# first craft type show help



## Jo~* (Oct 26, 2007)

I have been making soap for a year now and have a room full of bars all packaged up and ready to do something with. Everyone that I have given soap to has always liked it so I think it time I try selling some.
My friend goes to a show every year that the (gonna kill the spelling) Soroptamas women put on and she always does really well with her crafts. This year Im going with her with my soap. I have a box from a wal mart holloween display that Im using to show my soap minus the hollween words on it.
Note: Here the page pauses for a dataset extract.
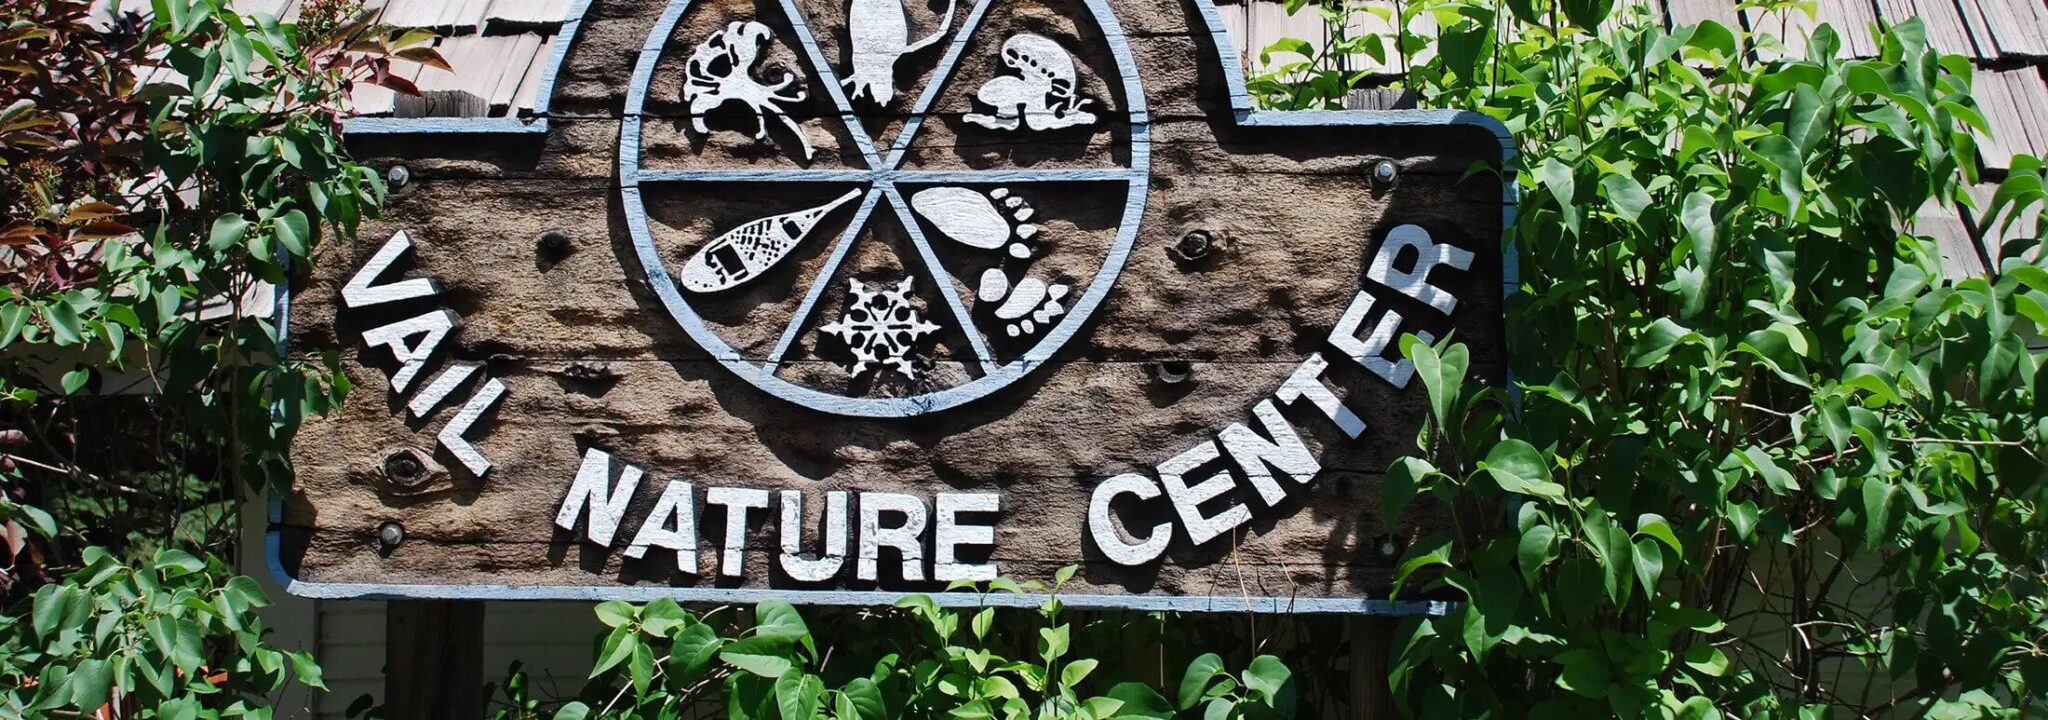 Vail Nature Center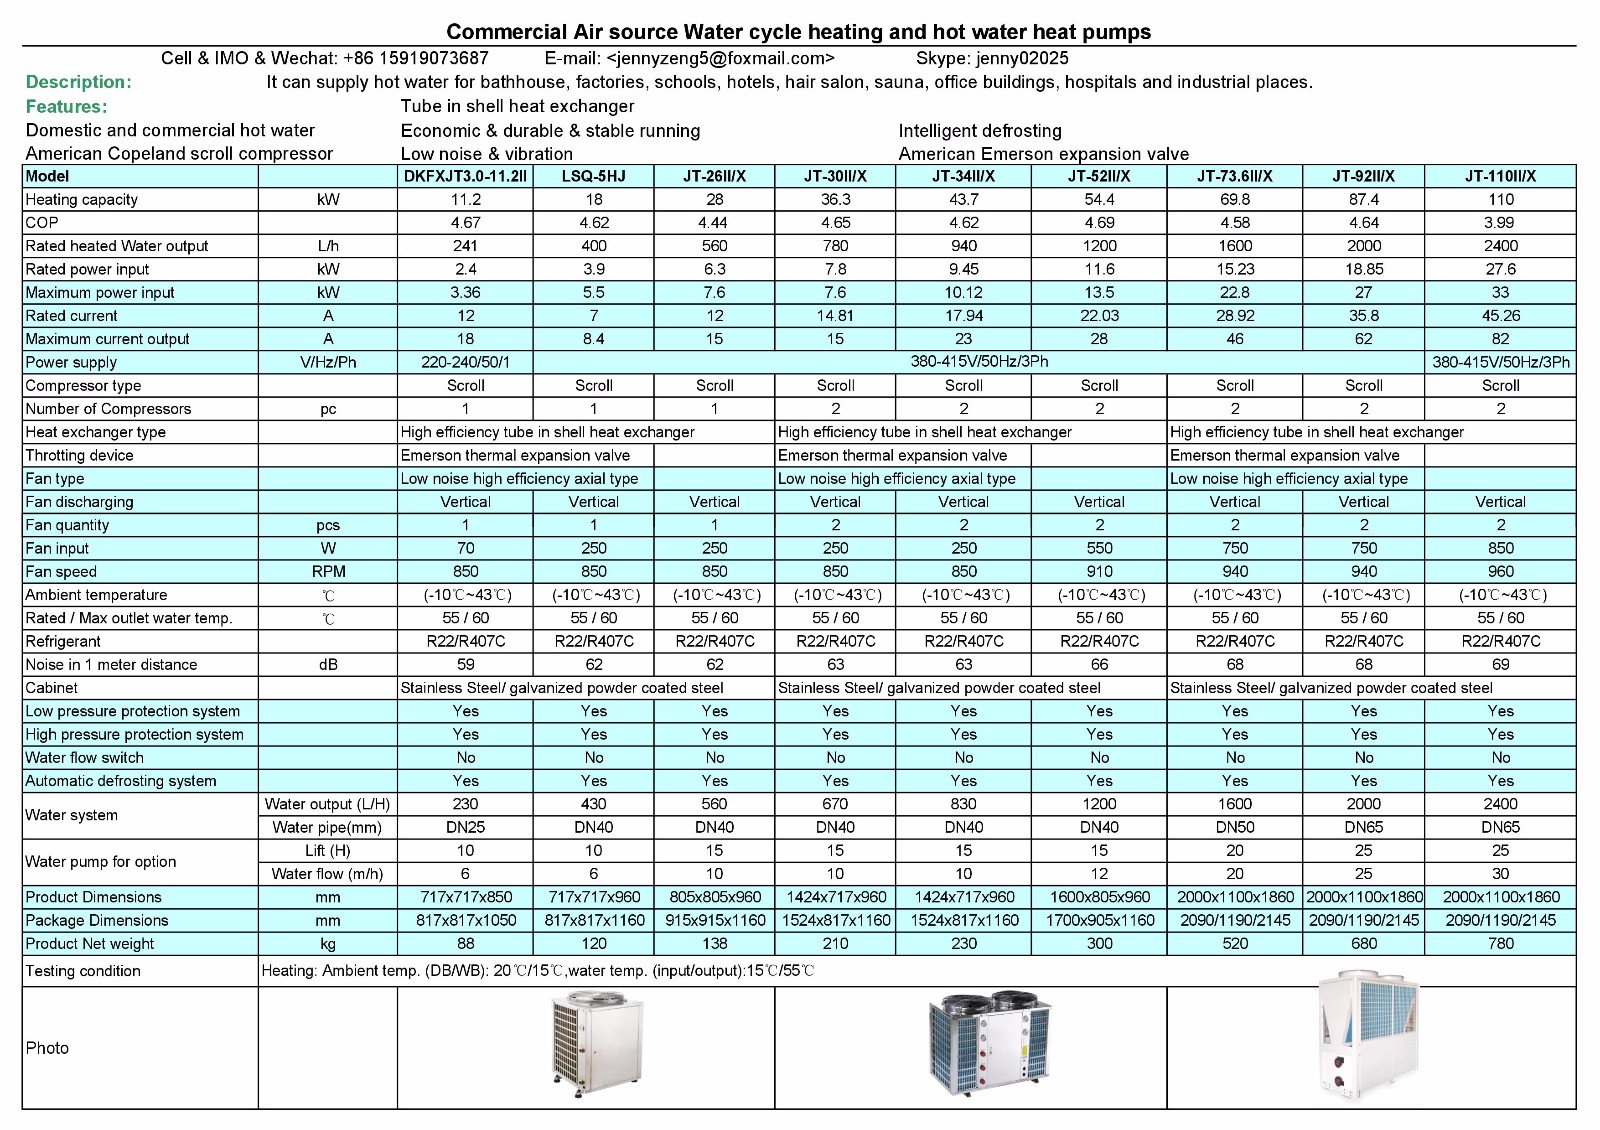 Commercial Air source heat pumps 11-110kw.jpg

The back is higher than the rest of it and I want to print out some stuff about how handmade milk soap is better for your skin than some of the stuff you get in the store, anyone know where I can find some acurat info to print out?
Thanks.
JoAnn.


----------



## NubianSoaps.com (Oct 26, 2007)

google.com it is your best friend. Try, benefits of goat milk soap etc. Good luck at your sale!


----------



## MF-Alpines (Mar 29, 2010)

Yes, good luck JoAnn. Let us know how it goes.


----------



## adillenal (Feb 6, 2009)

I use the information "Why Handmade Soap?" from the Soap Guild but I belong to that organization. I always have those brochures printed out with my contact info on them.
Plus people do not read. They will ask you why goat milk soap is better. Work on your verbal answers since that is what you will probably get. After awhile you will be able to babble on forever about the benefits.


----------



## tmfinley (Feb 21, 2008)

I agree with LaNell. You don't want a person just standing in front of your soaps reading, blocking everyone else's way either. As someone comes up to look at ;your products offer them some handmade soap knowledge to get a conversation going with them.


----------



## a4patch (Oct 7, 2009)

Ditto to LaNell

Be ready for verbal responses. here are some of things I say at the market. Have samples, it makes people stop walking for a second to get you pitch spoken.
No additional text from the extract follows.